With the Mercury nominee’s soundbites about ‘Little Red’ all hinting towards the M word – maturity – and growing up, it’s a relief to find that Katy B meant it literally: songs about being twenty-three instead of about being eighteen. Yes, it seems Kathleen Anne Brien has gone from being on a mission to having something of a quarter-life crisis, and facing, in her own words, “those questions you ask of yourself as an adult”.

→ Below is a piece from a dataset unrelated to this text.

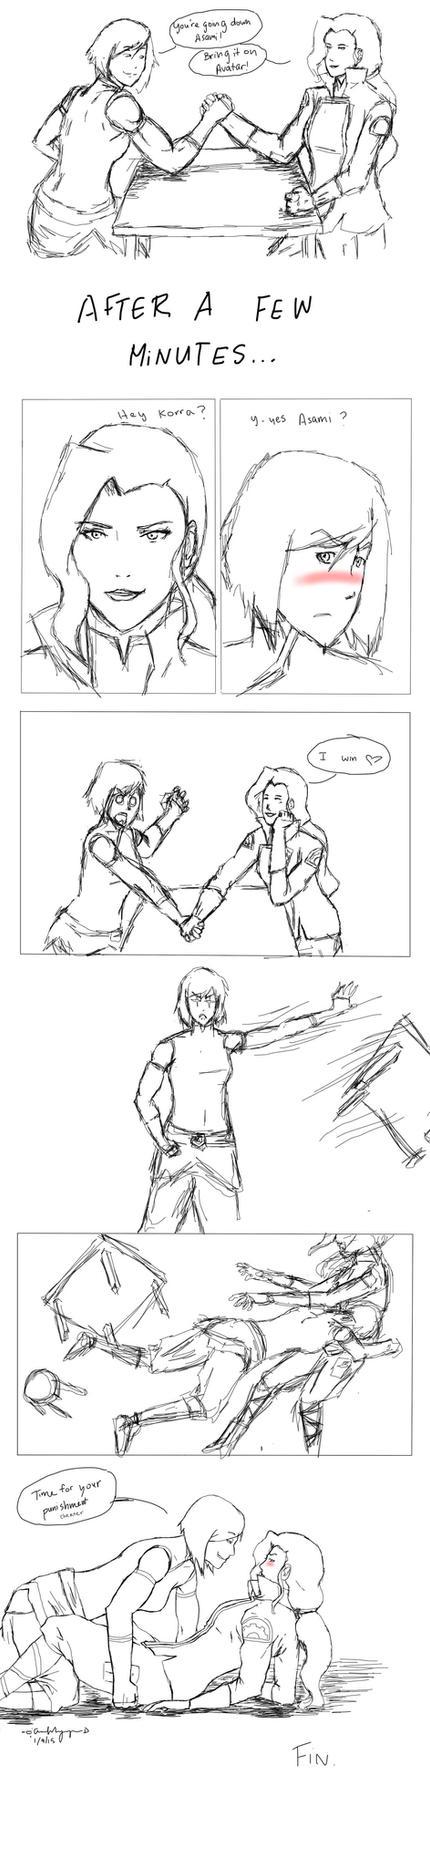 Arm Wrestling by anfu-yukiro

As a result, ‘Little Red’ is an extension of and also natural progression from her 2011 debut, a record that felt authentic, not just because Katy’s prior guest vocalist credentials on the club scene meant its dabbling in UK garage, funky, dubstep and R&B came off as the real deal, but because it was written from her life as she lived it. This time around, she delivers more of the same: tracks for the club with a sense of restraint and melancholy, as well as a poppy accessibility. The key difference is the action has mainly moved from the outer world of the dancefloor to the inner world of emotions.

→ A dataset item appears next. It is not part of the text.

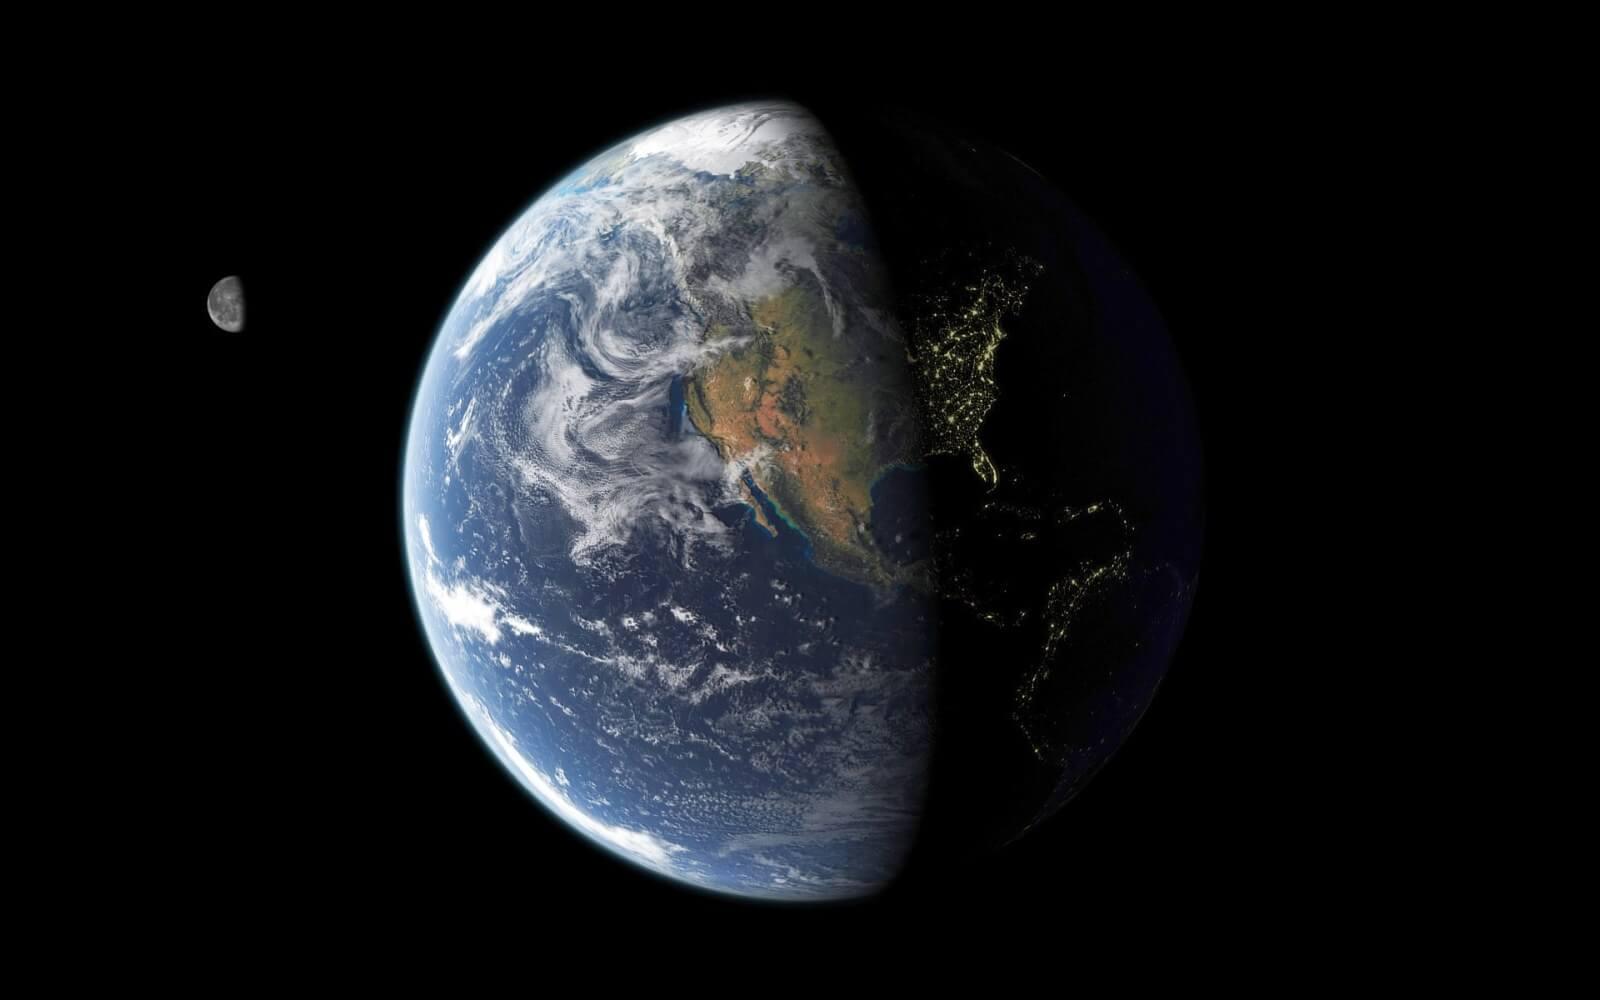 earth night desktop space wallpapers seasons science iweathernet wallpapersafari code

This is heard most clearly on ‘Crying For No Reason’, a heart-wrenching electro-ballad, inspired by a friend’s breakdown, that goes for the jugular and finds it. Elsewhere, the tempo gets kicked up a few notches, like the playful ‘5am’, with its pulsing beat and gently insistent jabs of synth building to a heady rush which Katy presides over like a true dancefloor diva, her voice gliding smooth and hypnotically. ‘I Like You’ is perfection – simple, subtle and seductive, haunted by the ghost of Aaliyah in its sultry chorus hook, and pushed along by a sensual, throbbing beat; it’s effortlessly cool and ultra-sexy.

Perhaps recognising the late Aaliyah had that in bucketloads, Katy teams up with Jessie Ware on a track named for the singer, first heard on 2012’s ‘Danger EP’, an understated slinky house number, that conjures her as an intangible nightclub temptress transfixing through her mystical aura: ‘Aaliyah please, this is green envy / why must you taunt me girl?’. Ironically, by comparing herself to Aaliyah and supposedly coming up short, Katy reminds us through her elegant delivery and minimal song arrangements, that she is her natural heir, without it ever coming off as her trying to fill the void left by the late singer. If ‘On A Mission’ was a statement of youthful intent, then ‘Little Red’ is What Katy Did Next – growing in depth as an artist without ever sacrificing style.